You're doing it wrong

Would you believe me, if I claimed that an algorithm which has been on the books as "optimal" for 46 years, which have been analyzed in excruciating detail by geniuses like Knuth and taught in all CS courses in the world, can be optimized to run ten times faster ?

A couple of years ago, I fell in interesting company, and became the author of an open source HTTP accelerator called "Varnish", basically a HTTP cache to put in front of slow web servers. Today Varnish is used by all sorts, from FaceBook, Wikia and SlashDot to obscure sites you have surely never heard about, many of which serve mostly pink bits, lots of pink bits.

Having spent 15 years as a lead developer of the FreeBSD kernel, I arrived in user-land with a detailed knowledge of what happens under the system-calls, and one of the main reasons I even accepted the Varnish proposal, was to show how to write a high-performance server program.

Because, not to mince words, the majority of you are doing that wrong.

Not just "wrong" as in "not perfect", but "wrong" as in "wasting half, or more, of your performance."

The first user of Varnish, the large Norwegian newspaper VG.no, replaced 12 machines running Squid with three machines running Varnish. The Squid machines were flat out 100% busy, while the Varnish machines had 90% of their CPU available for twiddling their digital thumbs[fn].
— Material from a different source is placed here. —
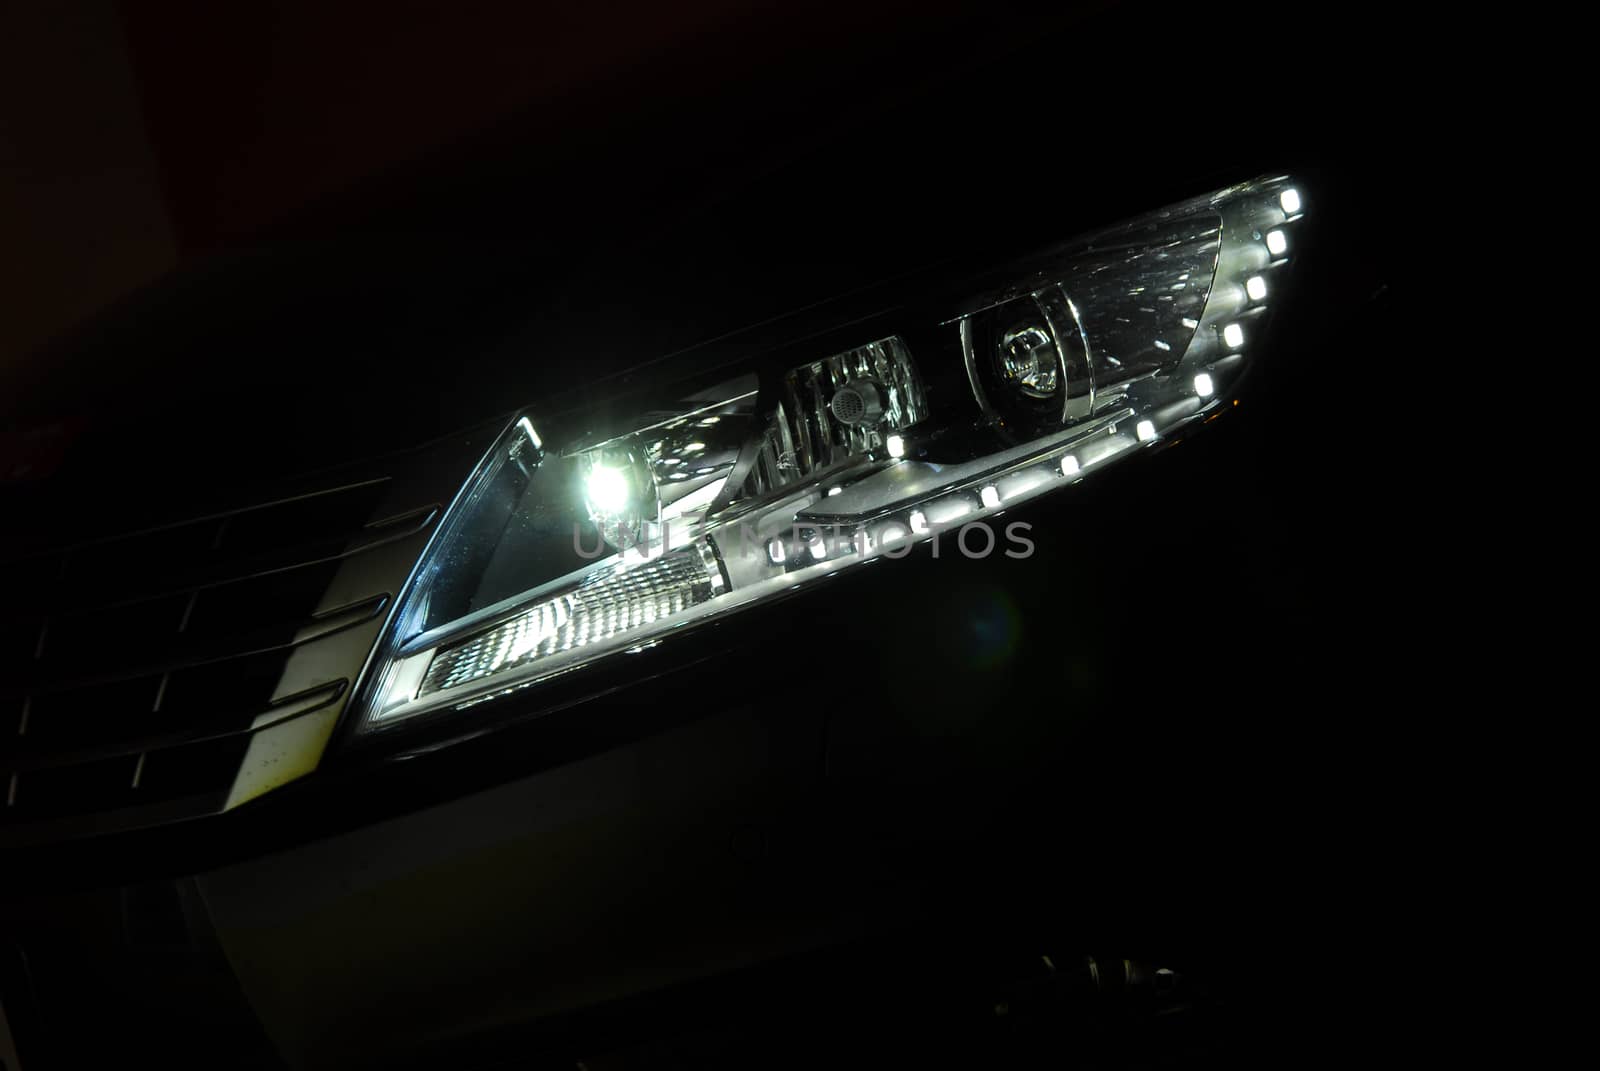 Car front headlight by aselsa

{[fn] This pun is included specifically to inspire Stan Kelly-Bootle}

The really short version of the story is that Varnish knows it is not running on the bare metal, but running under an operating system which provides a virtual memory based abstract machine.

For instance Varnish does not ignore the fact that memory is virtual, it actively exploits it. A 300GB backing store, memory mapped on a machine with 16GB or less RAM is quite typical. The user paid for 64bit of address-space, and I am not afraid to use it.

One particular task, inside Varnish, is expiring objects from the cache when their virtual life-timers run out of sand. This calls for a data structure which can efficiently deliver the smallest keyed object from the total set.

A quick browse of the mental catalog flipped up the "binary heap" card, which not only sports a O(log2(n)) transaction performance, but has a meta-data overhead of only a pointer to each object, which is important if you have 10M+ objects.

Careful re-reading of Knuth confirmed that this was the sensible choice, and the implementation was as trivial as always: "Ponto facto, Cæsar transit" &c.

On a recent trip by night-train to Amsterdam, my mind wandered, and it struck me, that Knuth might be terribly misleading on the performance of the binary heap, possibly even by an order of magnitude.

On the way home, also in the train, I wrote a simulation, which proved my hunch right.

Before any fundamentalist CS theoreticians choke on their coffee: Don't panic!

The P vs. NP situation is unchanged, and I have not found a systematic flaw in the quality of Knuths et al.'s reasoning. The findings of CS, as we know it, are still correct. They are just a lot less relevant and useful than you think. At least with respect to performance.

The oldest reference to the binary heap I have located, in a computer context, is J.W.J. Williams article in the 7th issue of Communications of the ACM titled "Algorithm number 232: Heapsort" from 1964[XXX: bib] [fn].

{[fn] How wonderful must it have been, to live and program back then, when all algorithms in the world could be enumerated in an 8 bit byte ?}

The trouble is, Williams was already out of touch and his algorithmic analysis was outdated, even before it was published.

In an article in the 4th issue of CACM J, Fotheringham documented how the ATLAS computer at Manchester University separated the concept of "an address" from "a memory location", which for all practical purposes marks the invention of Virtual Memory. [XXX: bib]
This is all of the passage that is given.